“But I presume it is his intention to do so?” said the parson.
“I should choose to have another magistrate present then,” said Frank. “Really, Doctor Colligan, I think the best thing you can do is to come before myself and the stipendiary magistrate at Tuam. We shall be sure to find Brew at home to-day.”
“But, my lord,” said Colligan, “I really had no intention of doing that. I have no witnesses. I can prove nothing. Indeed, I can’t say he ever asked me to do the deed: he didn’t say anything I could charge him with as a crime: he only offered me the farm if his sister should die. But I knew what he meant; there was no mistaking it: I saw it in his eye.”
“And what did you do, Doctor Colligan, at the time?” said the parson.
“I hardly remember,” said the doctor; “I was so flurried. But I know I knocked him down, and then I rushed out of the room. I believe I threatened I’d have him hung.”
“But you did knock him down?”
“Oh, I did. He was sprawling on the ground when I left him.”
“You’re quite sure you knocked him down?” repeated the parson.
“The divil a doubt on earth about that!” replied Colligan. “I tell you, when I left the room he was on his back among the chairs.”
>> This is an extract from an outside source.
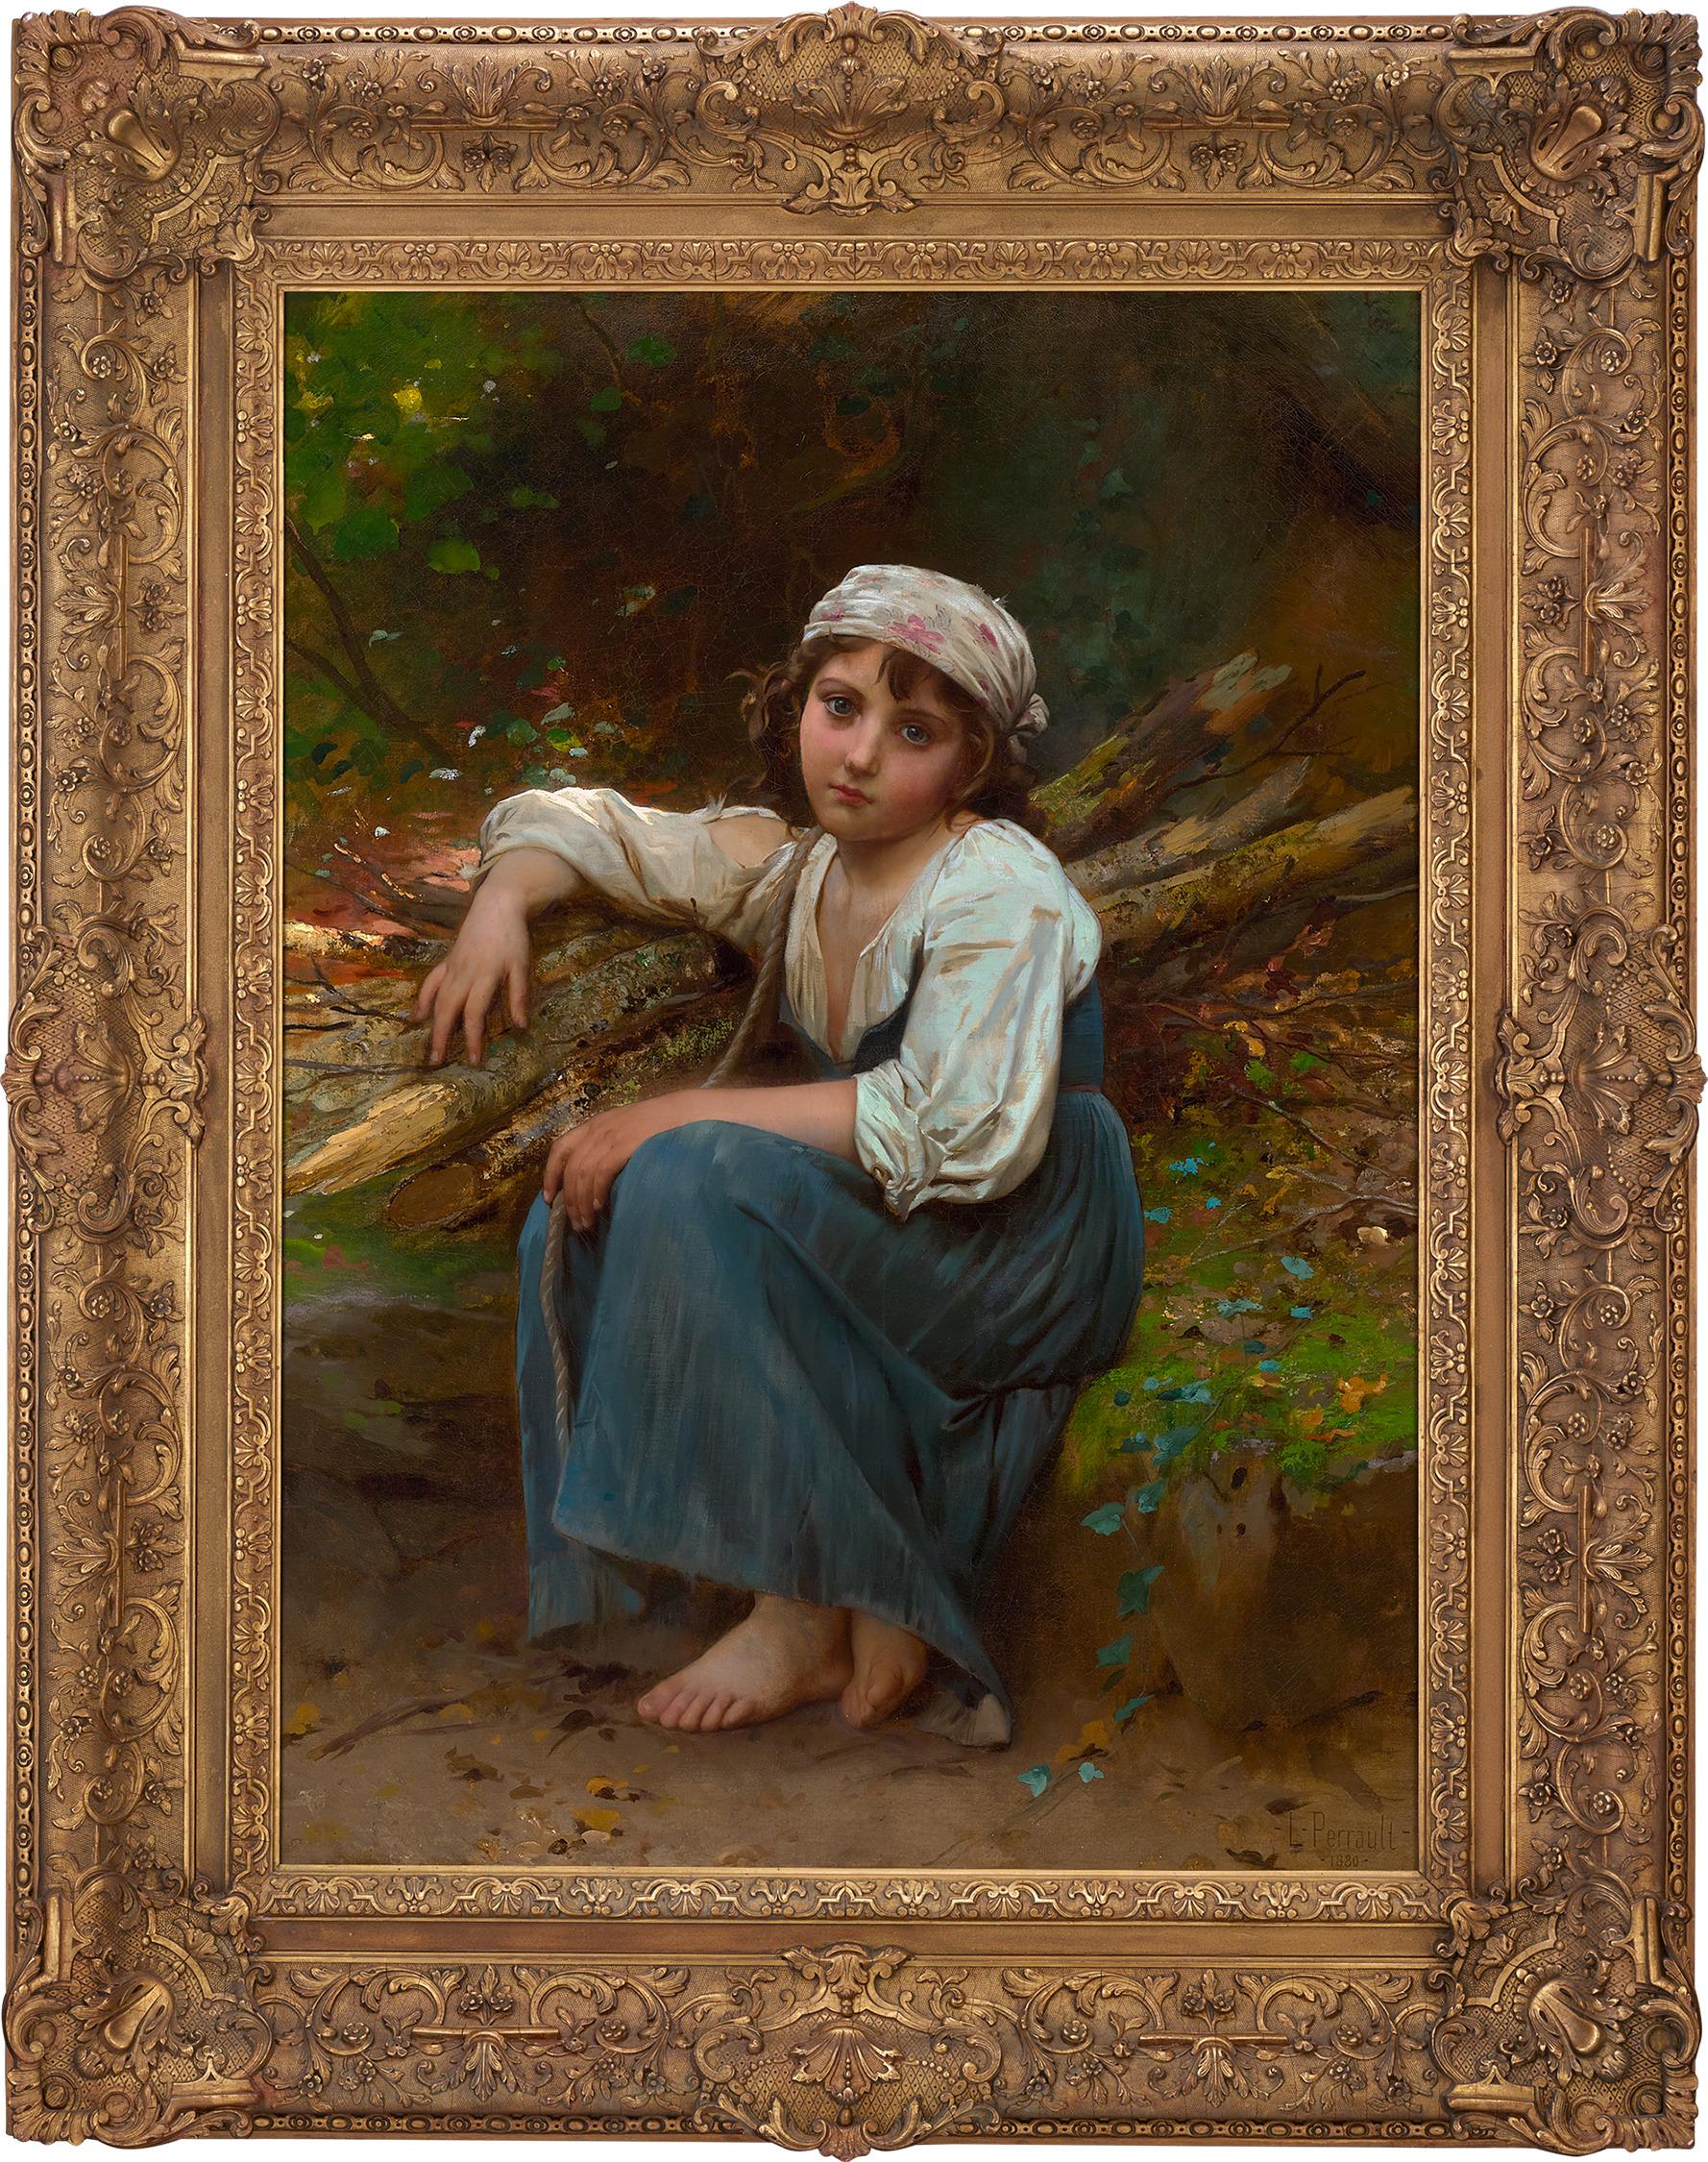 The Wood Gatherer by Léon-Jean-Basile Perrault - Painting by Lean Jean Bazile Perrault

“And you did not hear a word from him since?”
“Not a word.”
“Then there can’t be any mistake about it, my lord,” said Armstrong. “If he did not feel that his life was in the doctor’s hands, he would not put up with being knocked down. And I’ll tell you what’s more—if you tax him with the murder, he’ll deny it and defy you; but tax him with having been knocked down, and he’ll swear his foot slipped, or that he’d have done as much for the doctor if he hadn’t run away. And then ask him why the doctor knocked him down?—you’ll have him on the hip so.”
“There’s something in that,” said Frank; “but the question is, what is Doctor Colligan to do? He says he can’t swear any information on which a magistrate could commit him.”
“Unless he does, my lord,” said Armstrong, “I don’t think you should listen to him at all; at least, not as a magistrate.”
“Well, Doctor Colligan, what do you say?”
“I don’t know what to say, my lord. I came to your lordship for advice, both as a magistrate and as a friend of the young man who is to marry Lynch’s sister. Of course, if you cannot advise me, I will go away again.”
“You won’t come before me and Mr Brew, then?”
“I don’t say I won’t,” said Colligan; “but I don’t see the use. I’m not able to prove anything.”
“I’ll tell you what, Ballindine,” said the parson; “only I don’t know whether it mayn’t be tampering with justice—suppose we were to go to this hell-hound, you and I together, and, telling him what we know, give him his option to stand his trial or quit the country? Take my word for it, he’d go; and that would be the best way to be rid of him. He’d leave his sister in peace and quiet then, to enjoy her fortune.”